Thursday, 4 August 2011

Forbach Fun

For one of our day trips, we went for a walk in the forest overlooking Forbach.

Most of the few war memorials in Germany are very understated, they usually just mention 'the fallen' in general terms and Holocaust victims more specifically - very politically correct, in other words. But the war memorial at the entrance to the town is pretty unapologetic to say the least. The inscription reads "Den Schützern der Heimat zur Ehr", i.e. "In honour of the defenders of the homeland".Parked at the petrol station diagonally across the road was a car bearing this splendidly appropriate number plate:

7 comments:

H said...

Such monuments are generally survivors from the interwar period i.e. they commemorate the fallen of the Great War. There is (perhaps surprisingly, in view of the city's more or less unimpeachably liberal credentials) a quite prominent war memorial in Hamburg erected in 1936 (i.e. under the Nazis) with the legend 'Germany must live even if we must die'. It has been 'balanced' by some postwar monuments. Have a look at http://sites-of-memory.de/main/hamburgdammtor.html. Fascinating topic, I think.

Mark Wadsworth said...

H, that's a good point, it's just that the whole thing looked too modern to be WW1, but then again, Germany was a more modern country back then than we were.

But what some describe as "a war memorial from the 1930s" others would describe as "left over Nazi war propaganda" so it comes to the same thing.

James Higham said...

Takes a certain mind. :)

formertory said...

Looked at from another perspective, everyone is someone's son or daughter; who'd deny them the chance to have some remembrance?

A couple of years ago I visited this place which is intensely moving, especially when you understand that the German dead were denied upright headstones and had to be buried in pits with tiles, 25 or so names to each, laid flat. And Kathe Kollwitz' sculptures are superb.

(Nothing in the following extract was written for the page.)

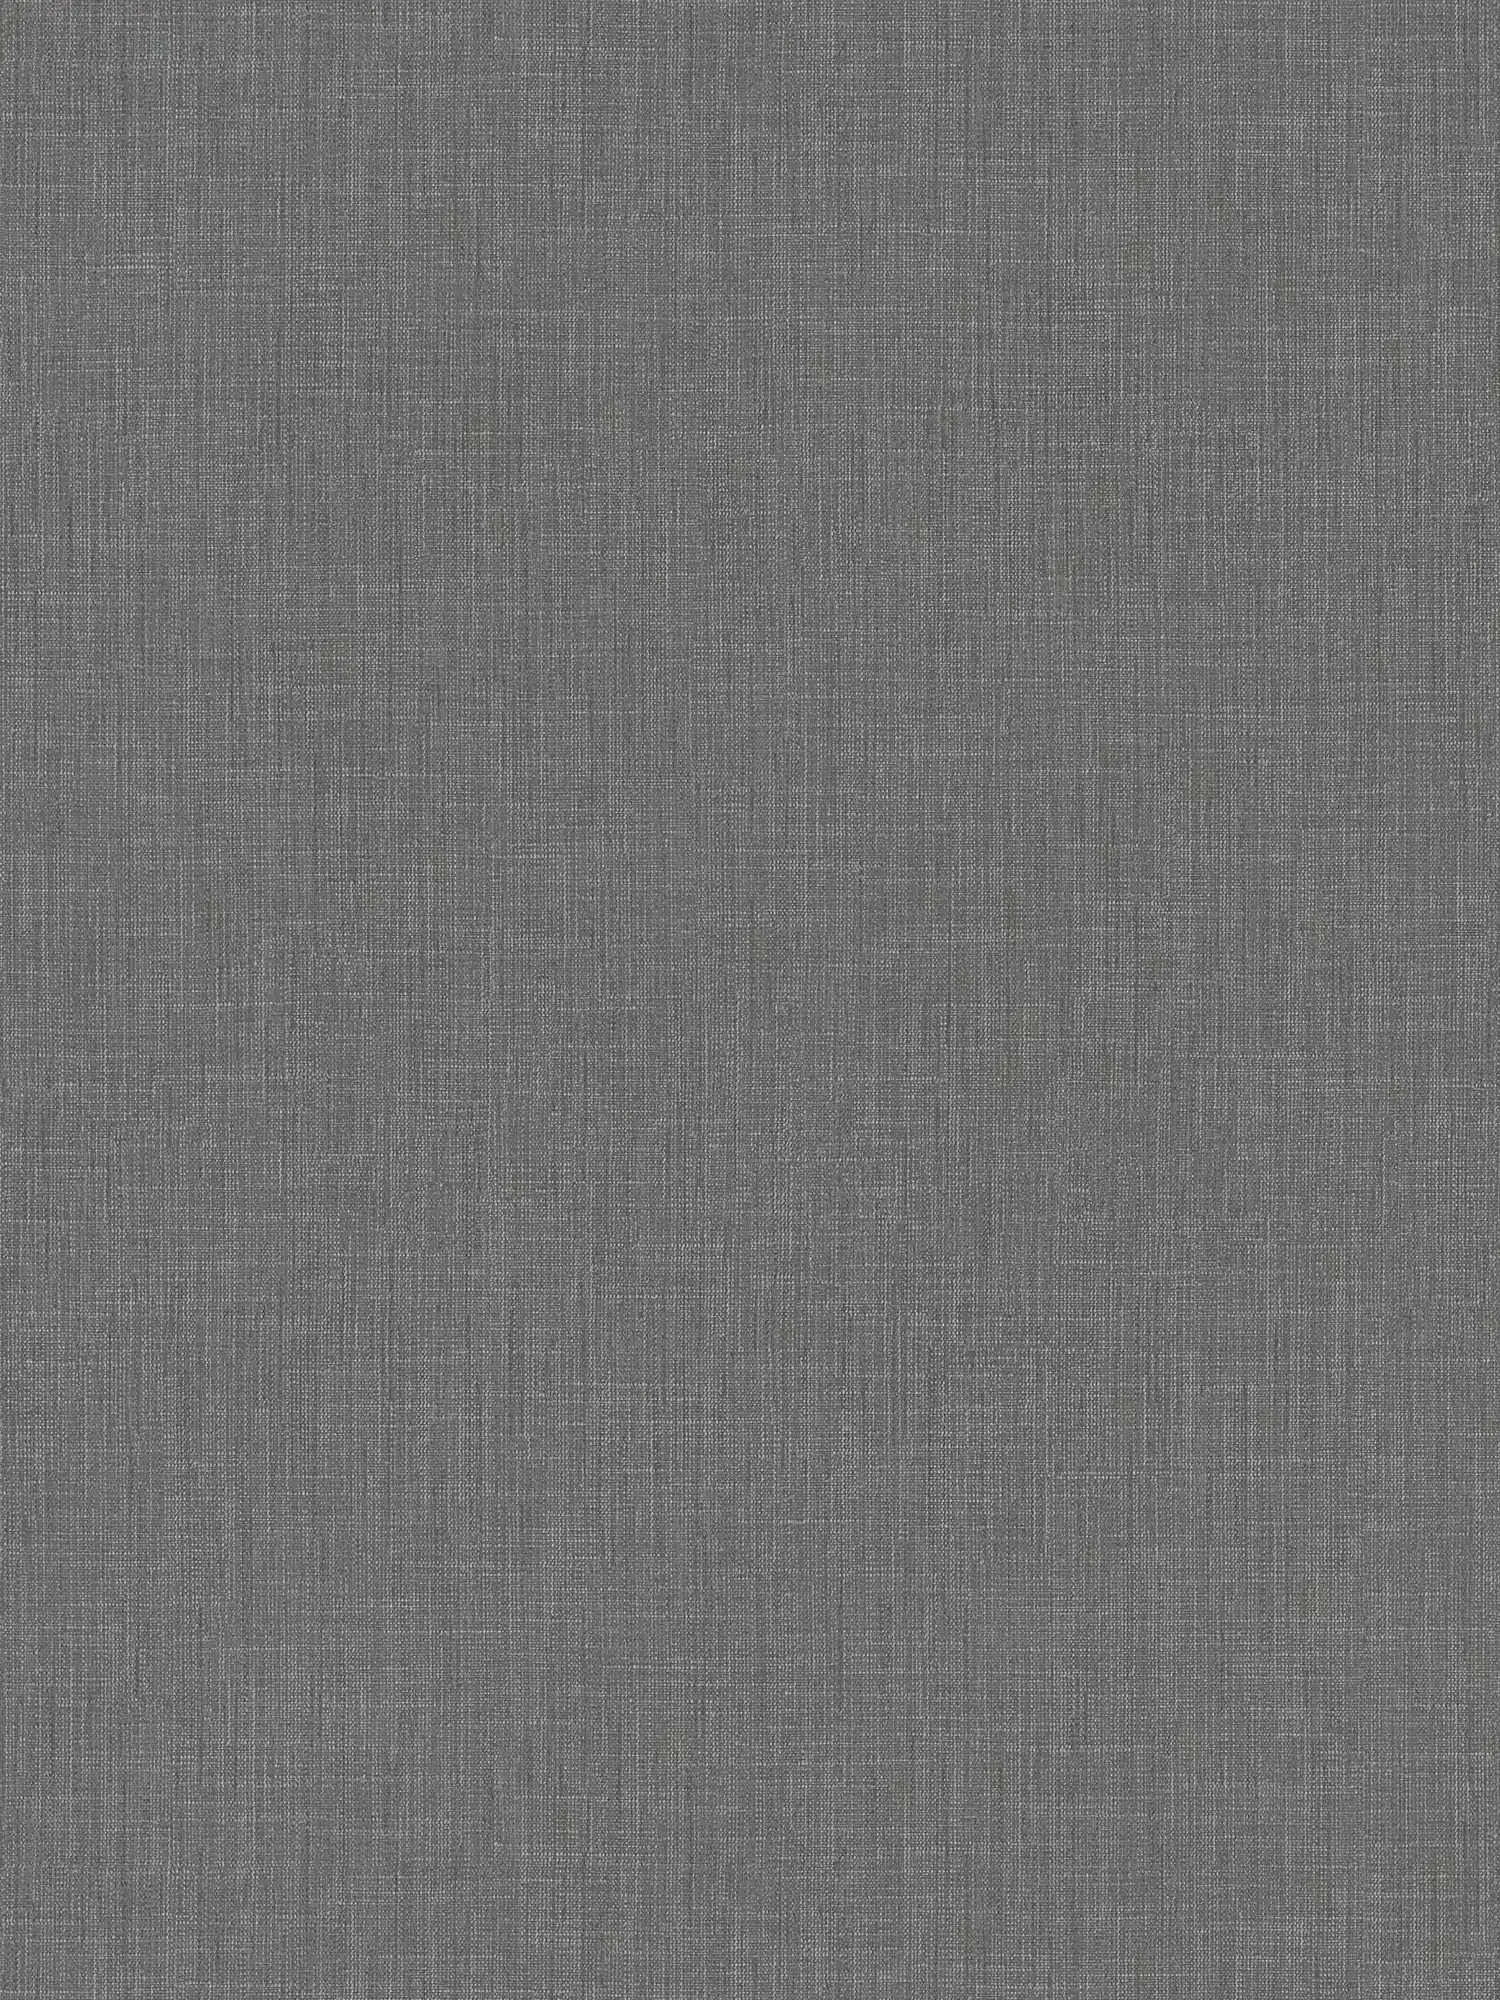 Carta da parati grigio screziato con disegno tessile in stile bouclé

Nice part of the world you were in; I was there a few weeks ago on the bike. Gorgeous.

Mark Wadsworth said...

FT, by all means, let's have memorials to all the poor people whom governments sent off to be killed and injured in wars, or sent to gas chambers etc. But that particular memorial clearly glorifies war.

A normal English cenotaph is just a stone pillar bearing plaques with the names of all those from that town or village who were killed, that does the job far better.

Edwin Greenwood said...

What is the soldier on the left carrying?

If they were only armed with giant baseball bats, no wonder they lost both wars.

Mark Wadsworth said...

EG, from all angles, it did indeed look like a giant baseball bat.